Growing a Farm Business in Rutland County

By Lindsay Arbuckle, Alchemy Gardens
Reposted from The Women’s Agricultural Network

In the summer of 2008, my partner Scott and I fell in love with gardening. We were serving as Americorps VISTA members in Montpelier and decided to sign up for a Community Garden plot. Within weeks, we were spending all of our free time at the garden. In our 20′ x 20′ space, we grew as many crops as we could, falling deeply into the rhythms of the seasons and joys of eating freshly harvested food.

We knew at that point that we wanted to see what farming was all about. We looked at a farm apprenticeship near Montpelier, but a friend in Scott’s hometown of Rutland encouraged us to consider Rutland area farms. With the buzz surrounding RAFFL (the Rutland Area Farm and Food Link) and its help for beginning farmers, we felt very compelled to settle in the area. We approached Paul Horton of Foggy Meadow Farm in Benson to see if he was interested in hiring apprentices. He was, and invited us to visit in January.

We arrived on a cold, snowy day and were amazed to see unheated greenhouses full of spinach and other tasty greens.

Paul’s interest in teaching us about farming, and knack for bringing high quality produce to market, was all we needed to decide that we would spend six months in 2009 working on his farm. That season, we worked 55 hours each week and absorbed as much as we could about Paul’s operation—technical skills, equipment use, marketing, business planning. At the end of the season, we were still unclear about whether farming commercially was in our future.
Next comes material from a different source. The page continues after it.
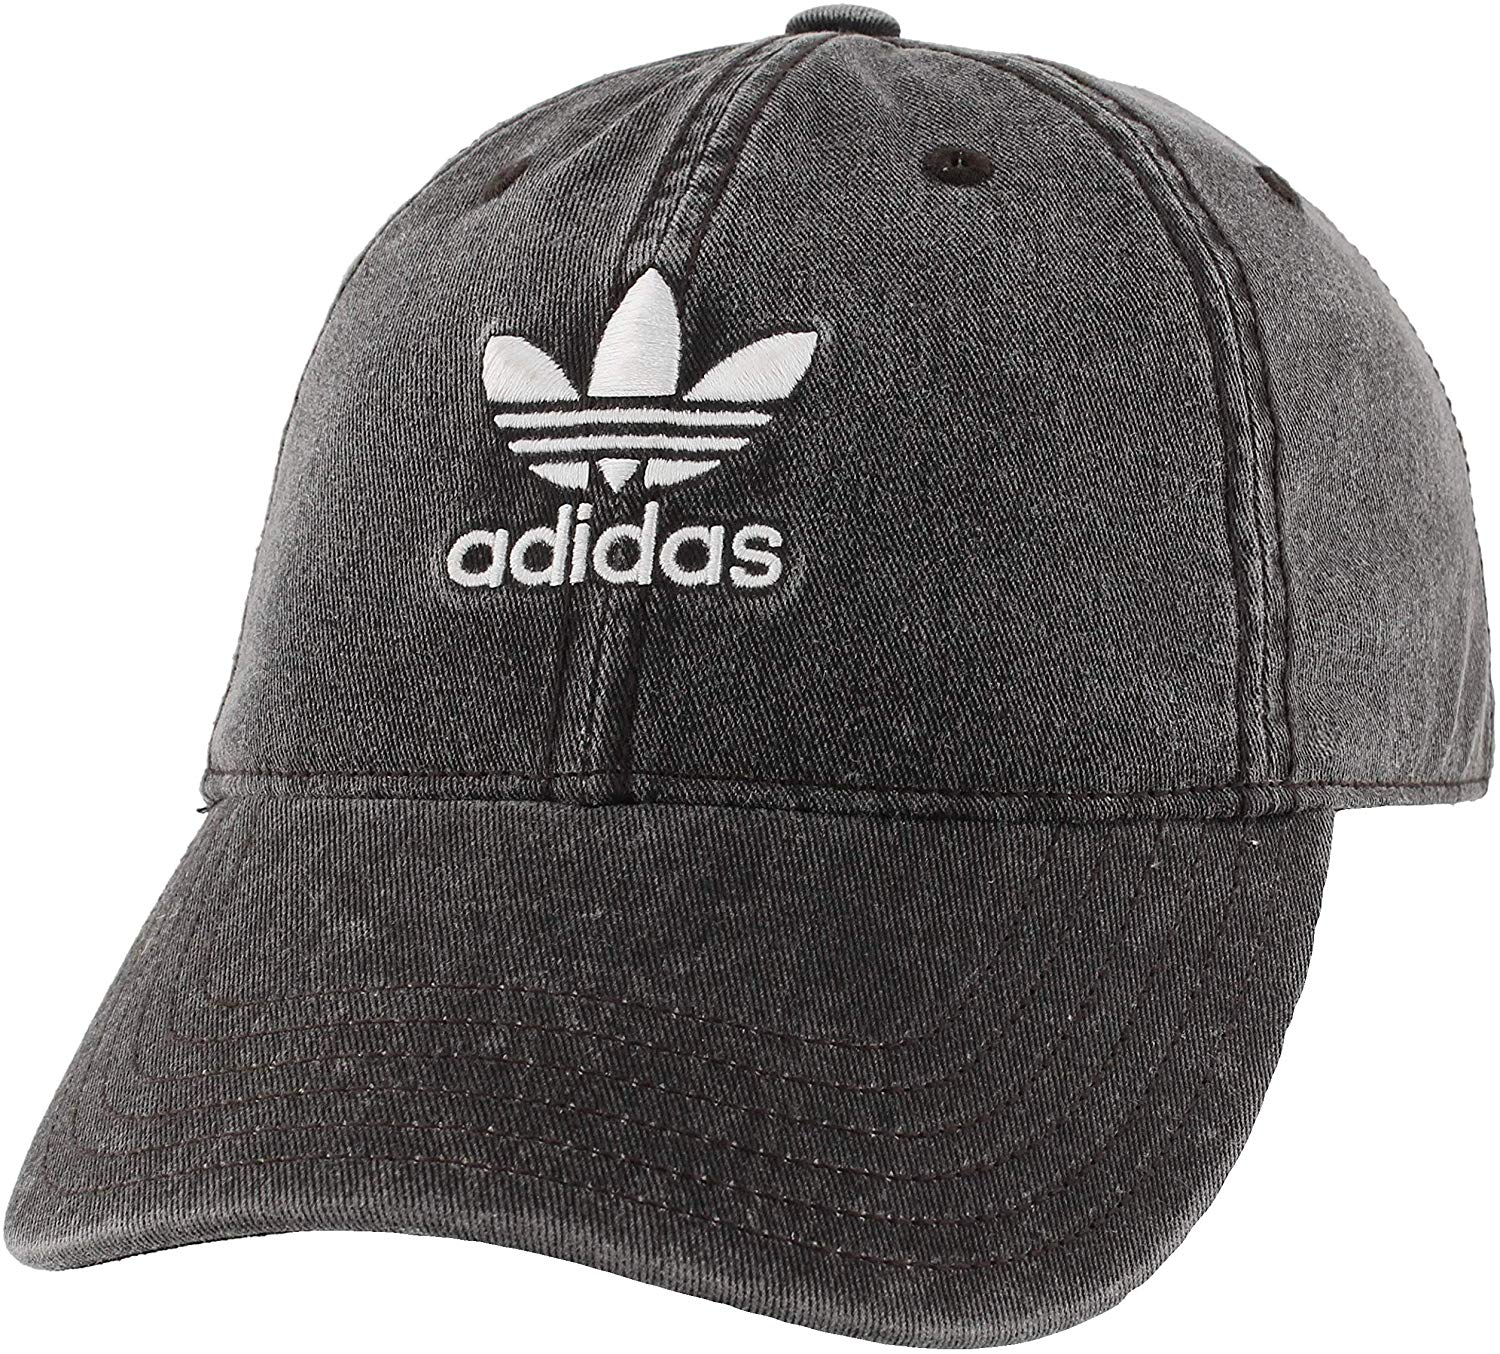 Adidas Womens Originals Relaxed Adjustable Strapback Golf Caps

With part-time work starting in the fall of 2009 co-managing the Shrewsbury Cooperative at Pierce’s Store, a historic general store that reopened as a small food co-op, we approached another local farmer about finding space for a garden. I think we had a large personal garden in mind, but when Greg Cox of Boardman Hill Farm in West Rutland suggested that we “just take an acre,” we started thinking about going to market. We decided on a half acre for that first season in 2010. With an unconventional free lease agreement, we were able to use Boardman Hill’s equipment, refrigeration, and processing areas. The generosity of Greg and his wife Gay allowed us to really “go for it” without much risk.

In the early months of 2010, we started taking advantage of the many training programs for beginning farmers in Vermont. We signed up for Growing Places and learned all about crafting our business vision, setting goals, and the basics of financial management. We took part in NOFA-VT and RAFFL workshops. We saved money through an IDA (Individual Development Account) program that we put towards our business. In May, we started attending the Rutland Summer Farmers’ Market and sold nearly $10,000 in produce our first season. That boosted our confidence enough to know that we could do this as our profession.

We are starting our third year of growing, and things couldn’t be better. We have scaled up little by little and purchased equipment that will help us to be more efficient. We’ve continued to take part in as many workshops and trainings as possible, including the Holistic Management Whole Farm Planning course and Dan Kitteredge’s Nutrient Dense Crop Production. I’ve attended WAgN trainings and the Women in Sustainable Agriculture Conference. Starting this year, we’ll work with the VT Farm Viability Program to fine tune our business practices and plan for the future.